In spite of all of this, the tax authorities receive relatively few tip-offs (18,500 in 2010 as opposed to 4,500 in 2009). Everyone knows that most of the country’s tax inspectors are corrupt are willing to turn a blind eye in exchange for a fakelaki, a “brown envelope.” That is not to say that there hasn’t been some progress in a number of places, which have broken with a two-centuries-old tradition of massive fraud. For example on the Ionian island of Lefkada, most of the taverns now distribute receipts in accordance with regulations. But above board commerce continues to be an exception rather than the rule: restaurants, taxis, cafes, and all kinds of other businesses are deeply involved in the black economy, whose benefits are plainly visible (luxury cars, new buildings, pleasure boats etc.).

The bottomless tub

According to estimates, it continues to represent 30 to 40% of the Greek economy, and this figure does not take into account the Church and arms businesses that are legally exempt from taxes…

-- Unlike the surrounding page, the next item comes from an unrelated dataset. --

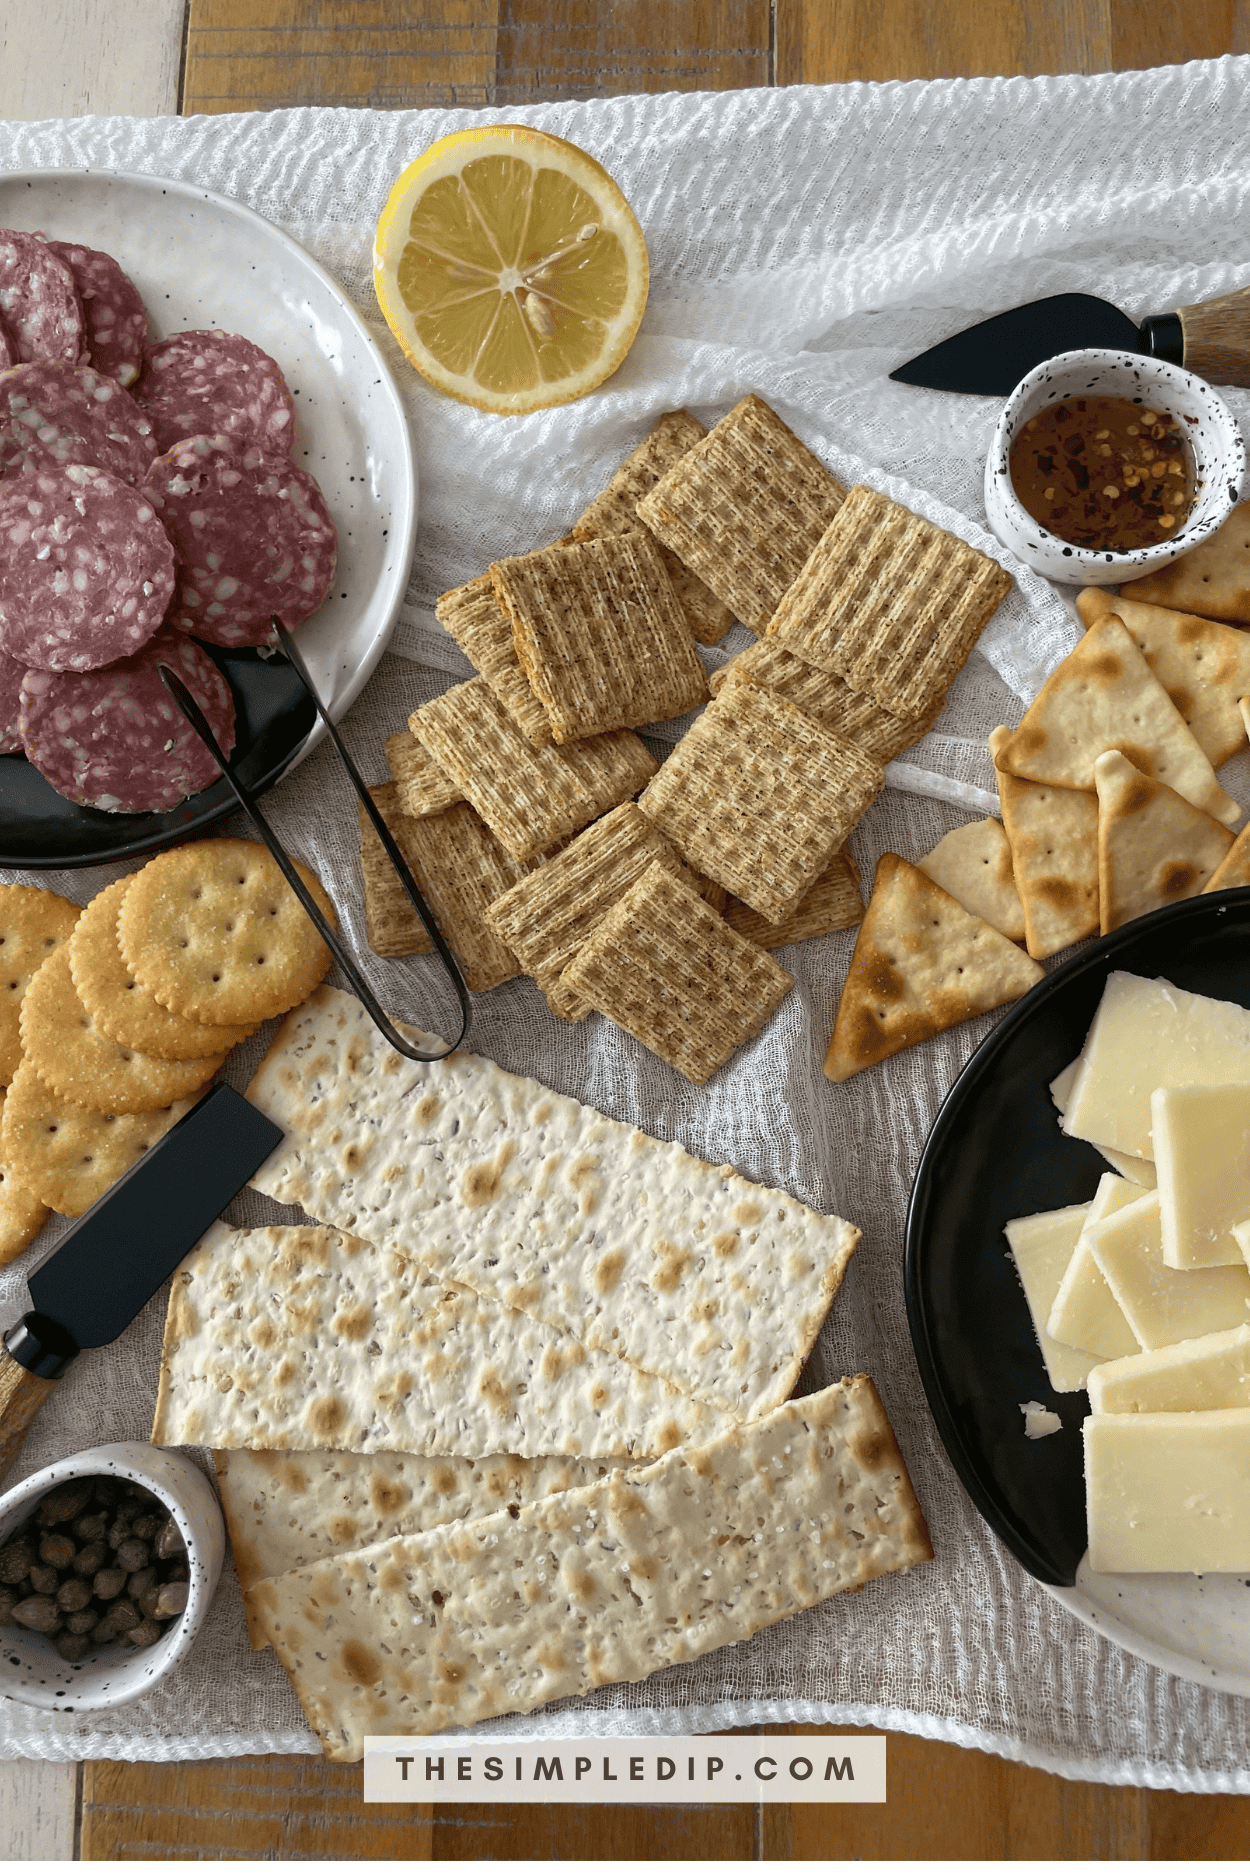 This is an image of a beautiful cracker and charcuterie spread, featuring 4 different kinds of crackers, sliced cheese, sliced soppressata, hot honey, capers, and a sliced half lemon.
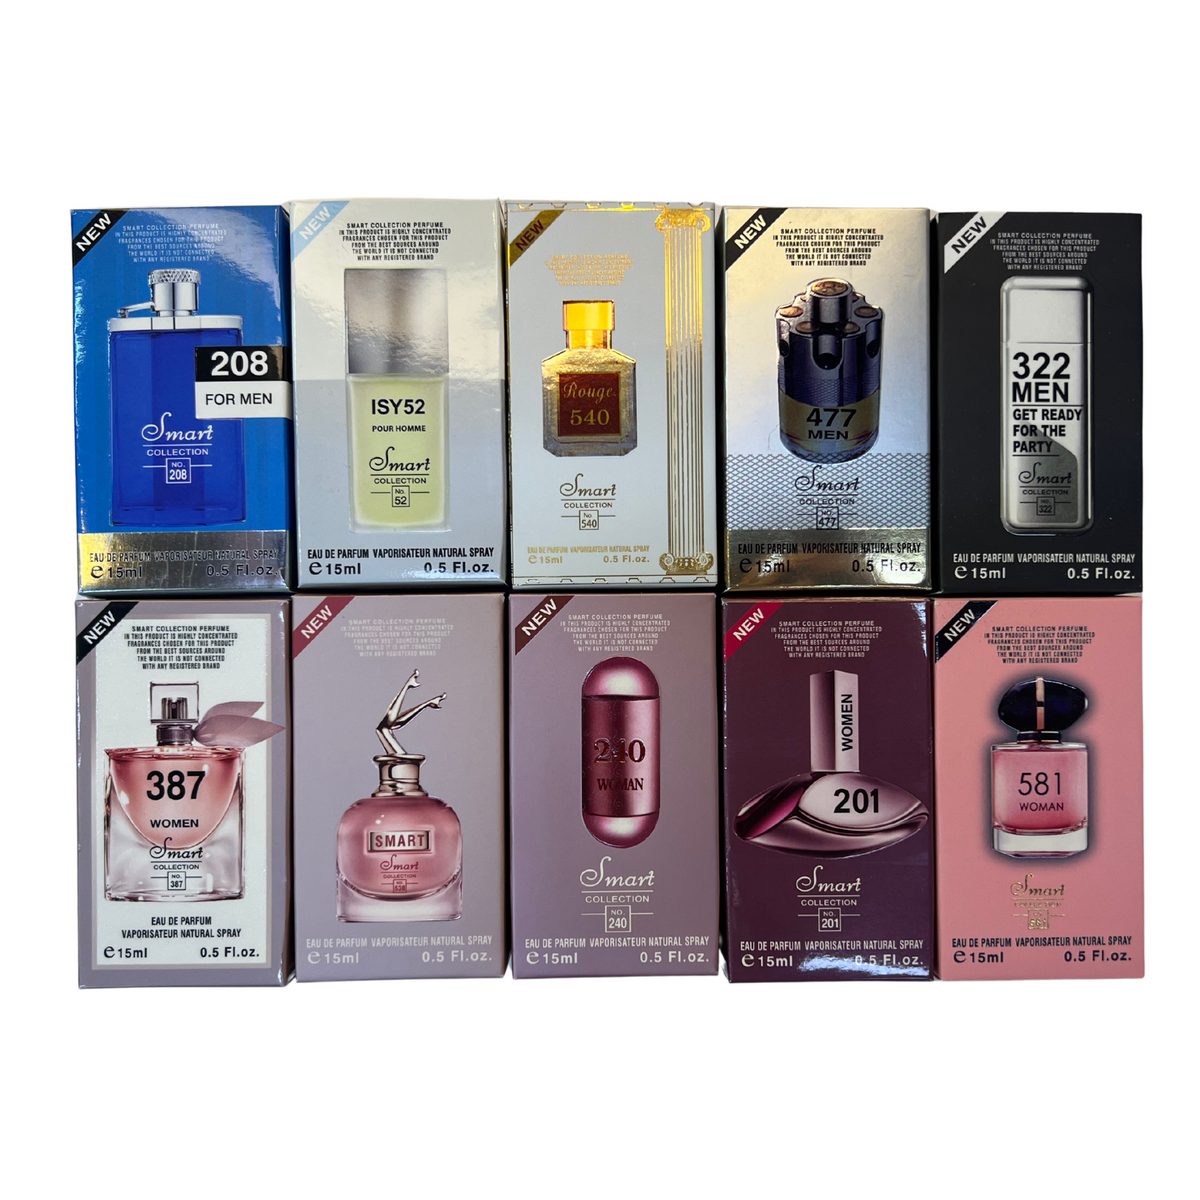 15ML Perfume bottles, 10 pieces in a combo set, 5 for men and 5 for Womens.

Two years after the onset of the crisis, Greece still appears to be unaware of the seriousness of the problems it faces and the efforts that it will have to make to avoid bankruptcy: a public debt equivalent to 160% of GDP at 360 billion euros, a 2011 deficit that will exceed the desired level of 7.5% of GDP, which, at 14.69 billion euros on 1st July, had already absorbed the bulk of an annual target of 16.68 billion euros…

Reforms have been voted, but the new rules are hardly ever applied. The troika mission formed by representatives of the Commission, the European Central Bank and the International Monetary Fund, which recently arrived in Athens to evaluate progress in the run-up to the handover of the next tranche of aid, will have to accept that Greece is a modern version of the bottomless tub that the daughters of Danaus were forced to fill: demands for further budgetary cuts will serve no purpose in a state that remains dysfunctional. As one official in Paris put it, “We believed that Greece was a normal country, but we were wrong. Its problems will not be solved in one or two years. It will need assistance to build a state that works, and that will take time. This also implies that we will have to continue to protect it from the markets until then.”

Inability to combat tax fraud

On 31 August, the country’s new budget watchdog, which is staffed by independent analysts, said that the country’s debt was “out of control.” There is no doubt that the economic recession has played a major role in this uncontrolled economic slippage — minus 4.5% GDP in 2005 as opposed to an expected minus 3.5%, and minus 10% over the last three years. But several European countries have experienced even more severe recessions (minus 10.5% in Latvia in 2010) and still avoided the situation in which Greece now finds itself.

As the budget watchdog has pointed out, Athens is now paying for its lack of a proper state: “It is clear that the country not only has a problem with the volume of its public debt, but also with its inability to consolidate its ongoing budgetary management. Notwithstanding the huge effort in the field of budgetary adjustment, there has been no primary budget surplus, on the contrary, the primary budget deficit has continued to grow.”

The watchdog notably blames the state’s inability to combat tax fraud. However, instead of tackling the problems of incompetence and corruption in his department, Greek Minister of Finance Evangelos Venizelos was content to publish a statement, which in line with the local tradition of denial, described the conclusions of watchdog’s report as marred by “a lack of experience.” In this context, it is not surprising that several countries, including Finland, Germany, Austria, the Netherlands and Slovakia, had to have their arms twisted to hand over the aid agreed in the new bailout package on 21 July. It now seems that Greece is a special case: unlike, for example, Ireland, which has also received financial assistance but is now on its way to rapid recovery. The question now is: will Athens be able to avoid bankruptcy?